The Central Limit Theorem

The Central Limit Theorem

Introduction

In some of my articles, I have referred to The Central Limit Theorem, a development in probability theory. It can be stated

“When independent identically distributed random variables are added, their normalized sum tends toward a normal distribution (informally a “bell curve”) even if the original variables themselves are not normally distributed.”

We can apply this principle to many practical problems to analyze the distribution of the sample mean. In this article, I provide graphical and mathematical descriptions and a practical example.

A Uniform Distribution

To illustrate the Central Limit Theorem, consider the variable x, which is uniformly distributed between a lower limit (a) and an upper limit (b), described as. Using Minitab, 1000 samples of x from the distribution is were simulated. The x values were plotted as a histogram, figure 1.

Figure 1

Since there are 20 equal sized intervals, we expect 50 samples per interval. The histogram shows the frequency in each interval is about 50 and the average is about 0.5.
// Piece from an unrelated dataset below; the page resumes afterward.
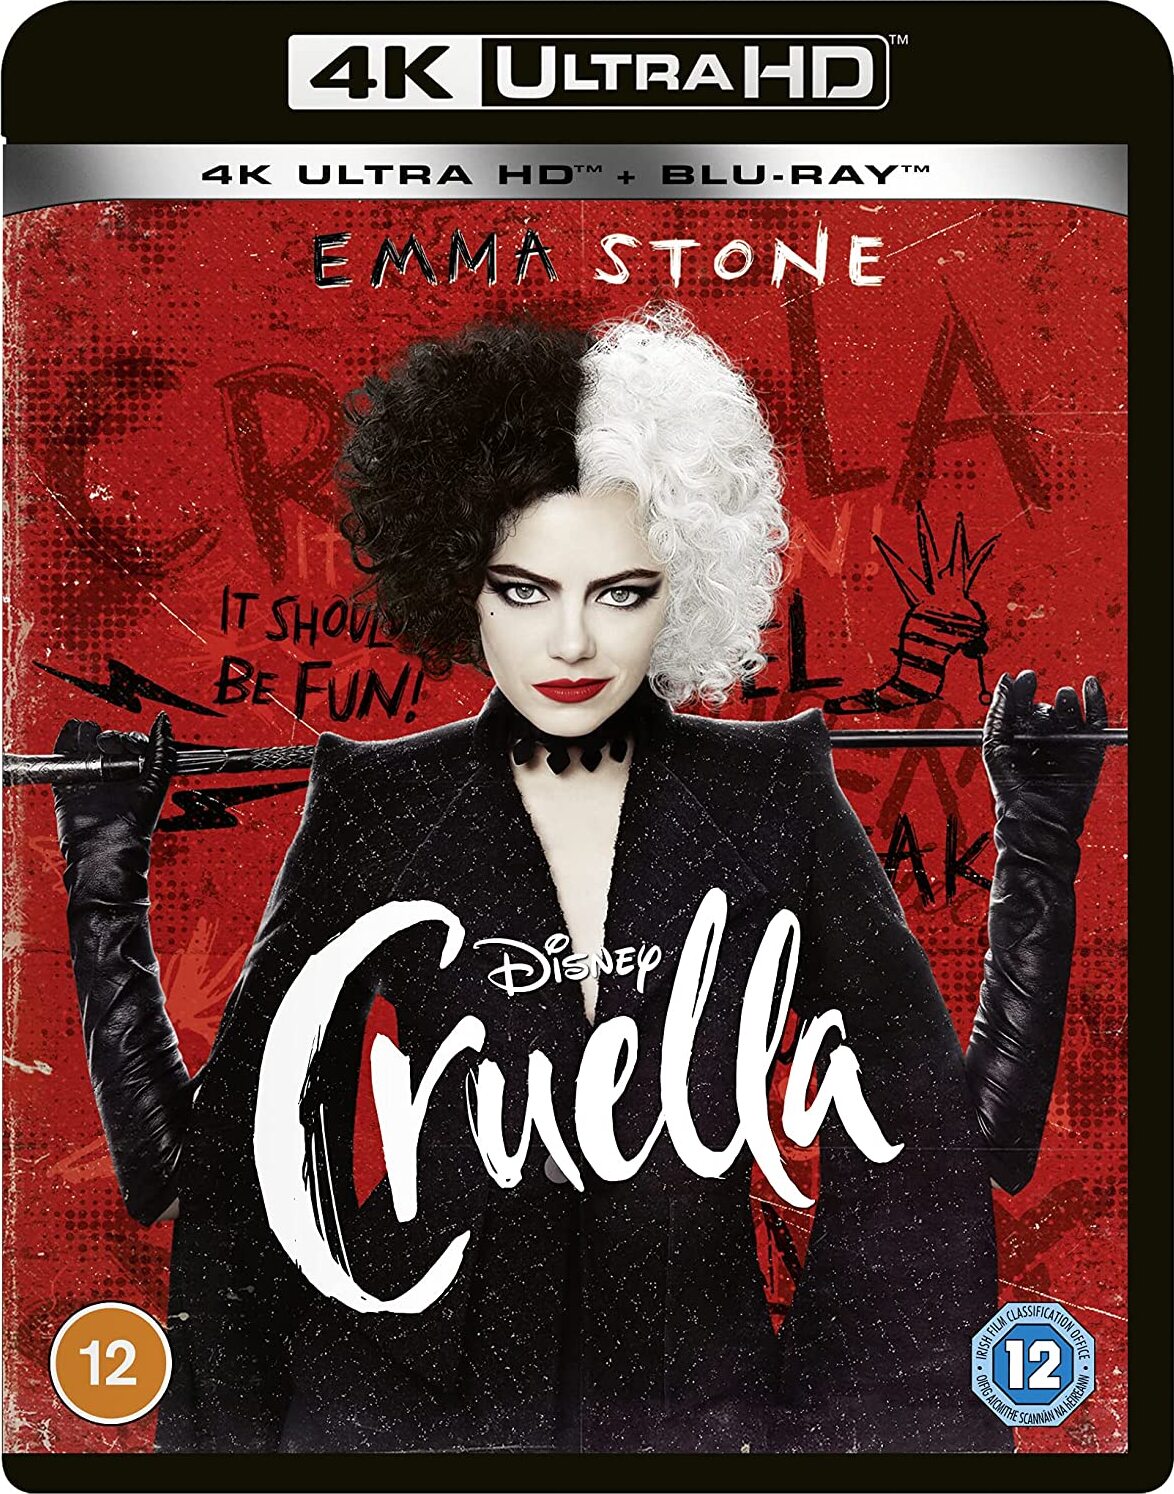 黑白魔女库伊拉/《101忠狗》真人前传/黑白魔后(港) [DIY简繁英字幕] Cruella 2021 2160p EUR UHD Blu-ray HEVC HDR TrueHD Atmos 7 1-AA@OurBits    [59.4 GB  ]-1.jpg

Now consider the average of two x’s, i.e., $-\bar{x}=(x_2-x_1)/2-$. In this case, I used the first sample as x1 and sampled another 1000 for x2. The averages were plotted as a histogram, figure 2.

Figure 2

Now the averages don’t follow a uniform distribution but appear to follow a triangular distribution. Repeating the process, the histogram of the average of 3 uniformly distributed x’s is shown in figure 3.

Figure 3

Now the distribution of the averages shows some curvature in the sides and some flattening of the center. Extending this process, the average of 12 uniformly distributed x’s is calculated, figure 4.

Figure 4

The distribution of the average is starting to show a bell shaped curve, i.e., a normal distribution. Note that the center remains at about 0.5 and that the variation is getting smaller.

Probability

For the uniformly distributed random variable $-x~U(0,1)-$, the average and the variance of the distribution are calculated as

$$\mu_x=\int_{0}^{1}xf(x)dx=0.5$$

where $-f(x)=1-$ for a variable distributed as U(0,1).

and

$$\sigma^2=\int_{0}^{1}(x-\mu)^2f(x)dx=1/12$$

For figures 2 to 4, 1000 samples of size n were generated for the simulation.  The average $-\bar{x}-$ of each group of size n was calculated as

$$\bar{x}=\frac{1}{n}\sum_{i=1}^{i=n}x_i$$

It can be shown that the distribution average of $-\bar{x}-$ is

$$\mu_\bar{x}=\mu$$

And the variance is

$$\sigma_\bar{x}^2=\sigma^2$$

And as n get larger, the distribution approaches a normal distribution, $-N(\mu,\sigma^2/n)-$. Note that the average remains the same, but the variance decreases with increasing sample size n.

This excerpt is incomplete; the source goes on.